### Your objective
Please give back, exactly as written, the lines from the line with "Crew One Piece" to the line with "Broschüre mit dem" in the listing below, leaving out all pictures.
:: The input ::
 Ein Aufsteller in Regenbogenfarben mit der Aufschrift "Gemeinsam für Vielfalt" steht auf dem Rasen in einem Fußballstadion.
:::
:: The input ::
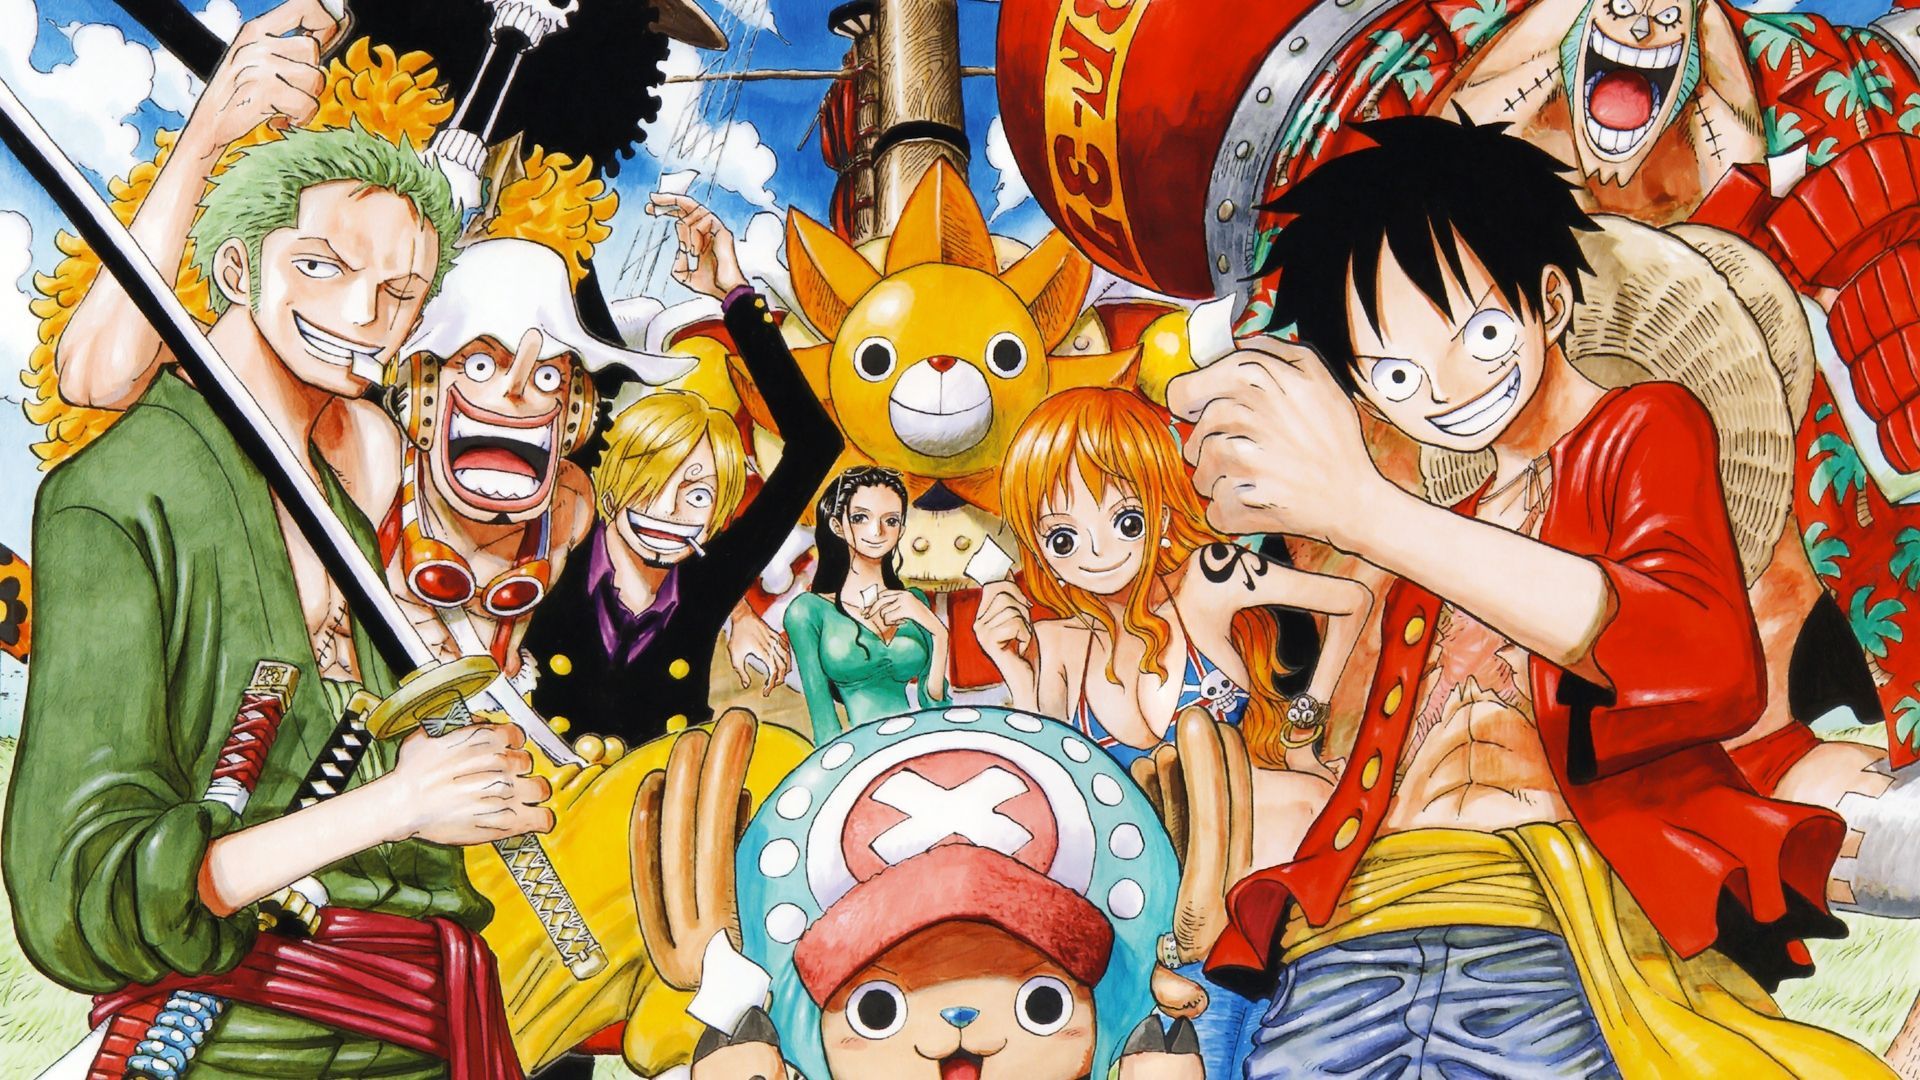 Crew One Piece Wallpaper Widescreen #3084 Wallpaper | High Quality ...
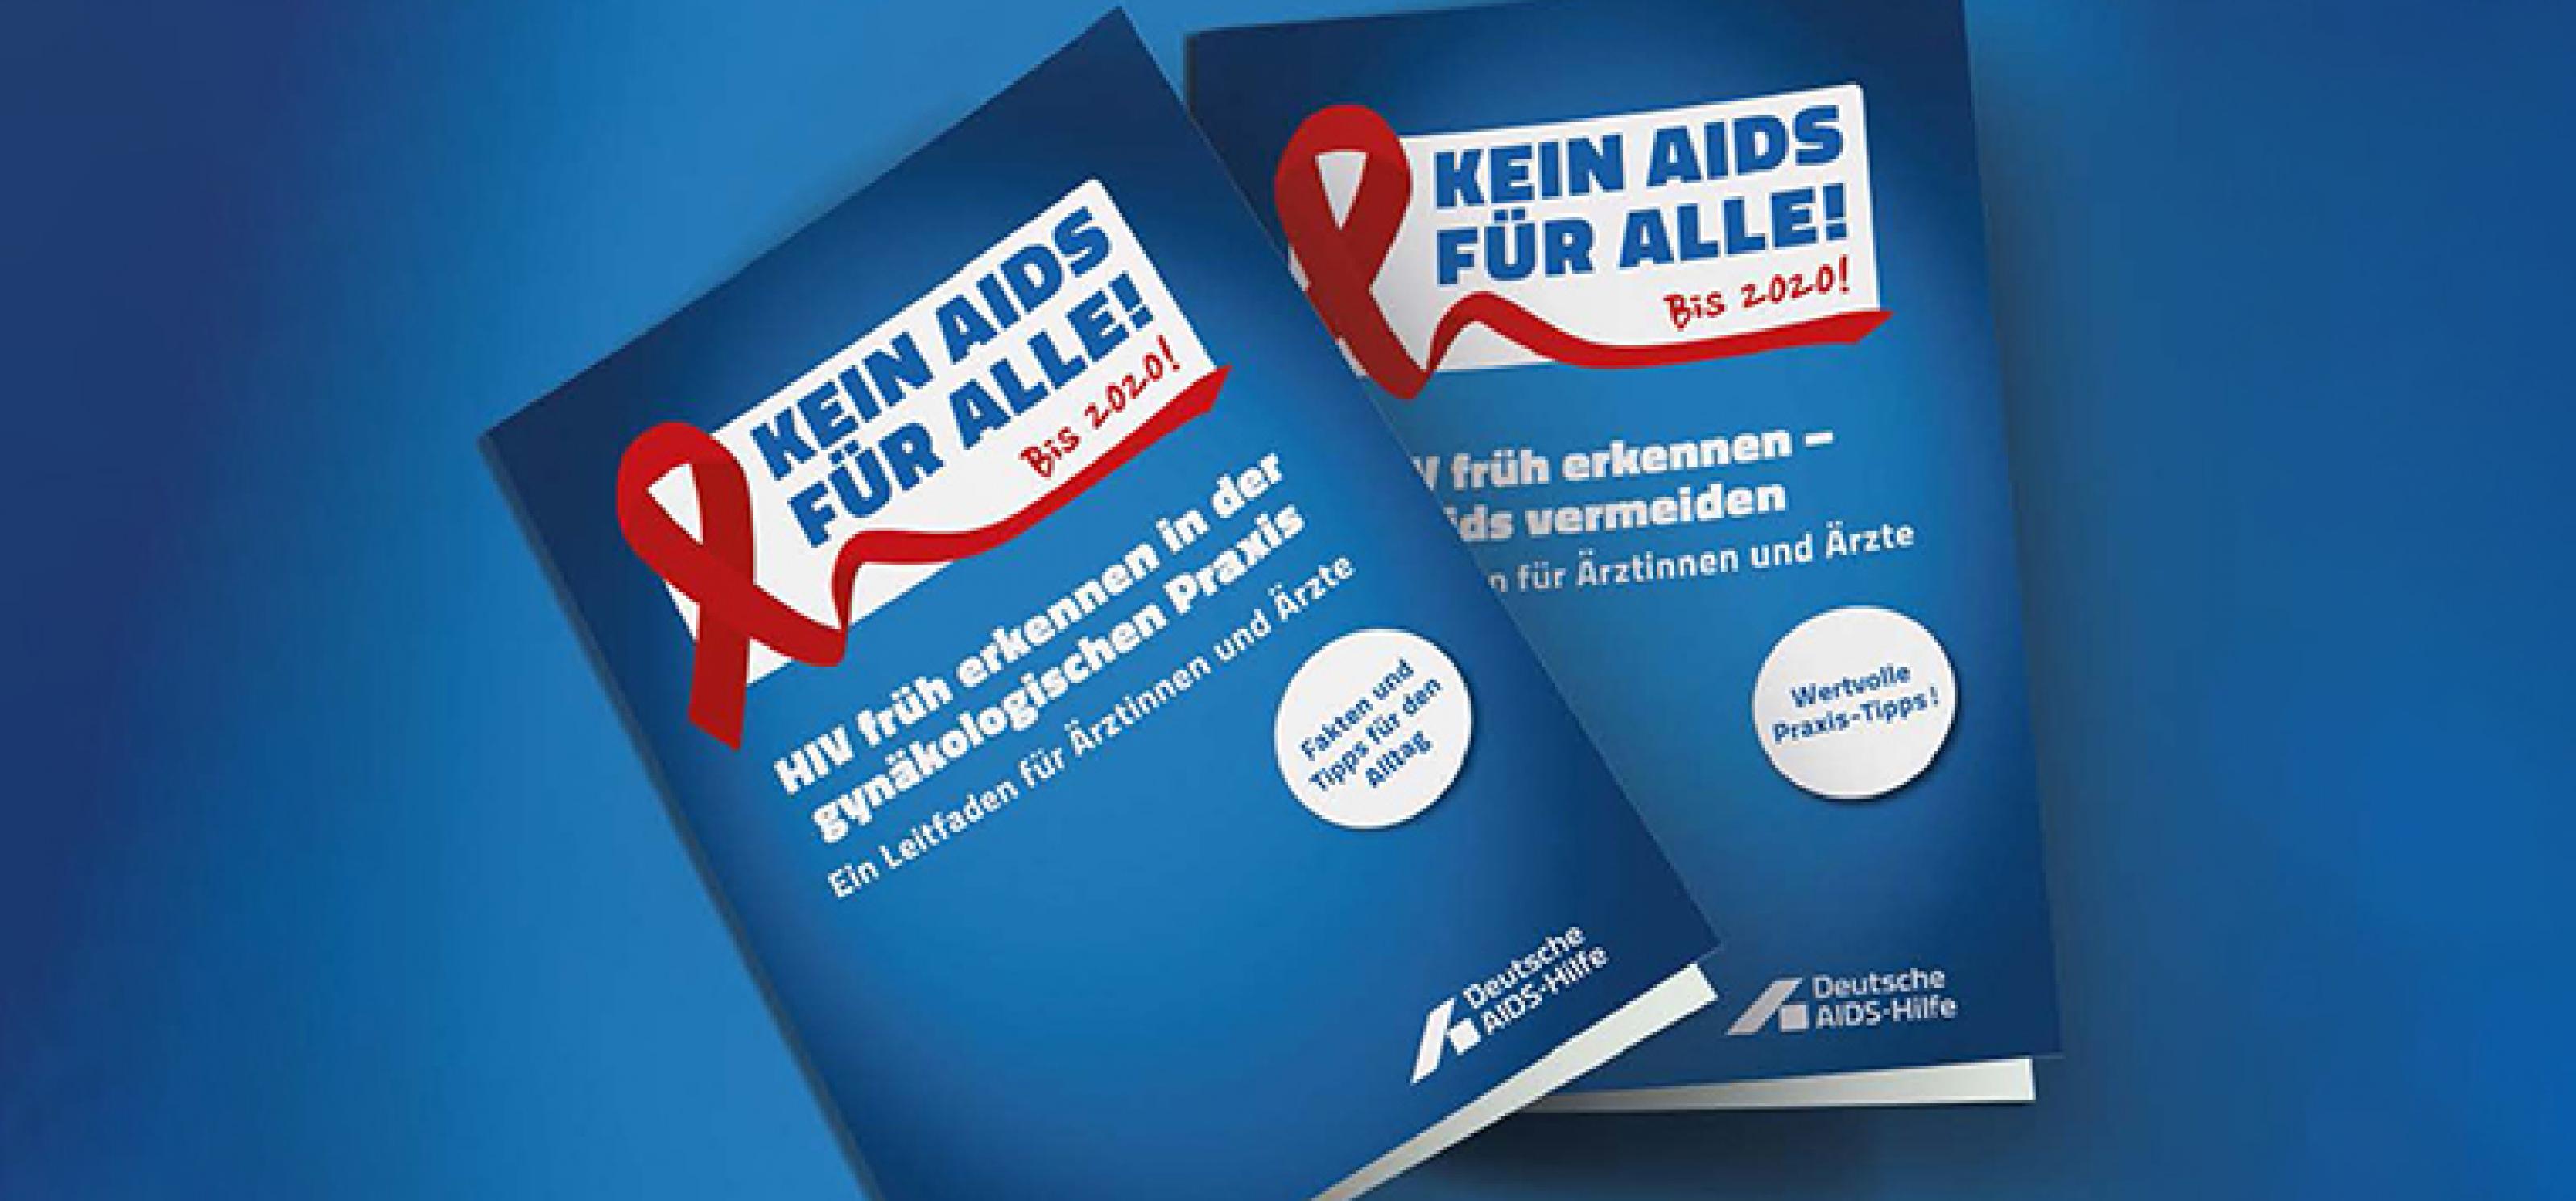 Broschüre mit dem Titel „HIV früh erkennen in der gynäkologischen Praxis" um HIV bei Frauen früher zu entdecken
:::
### Output for this exercise
 Crew One Piece Wallpaper Widescreen #3084 Wallpaper | High Quality ...
 Broschüre mit dem Titel „HIV früh erkennen in der gynäkologischen Praxis" um HIV bei Frauen früher zu entdecken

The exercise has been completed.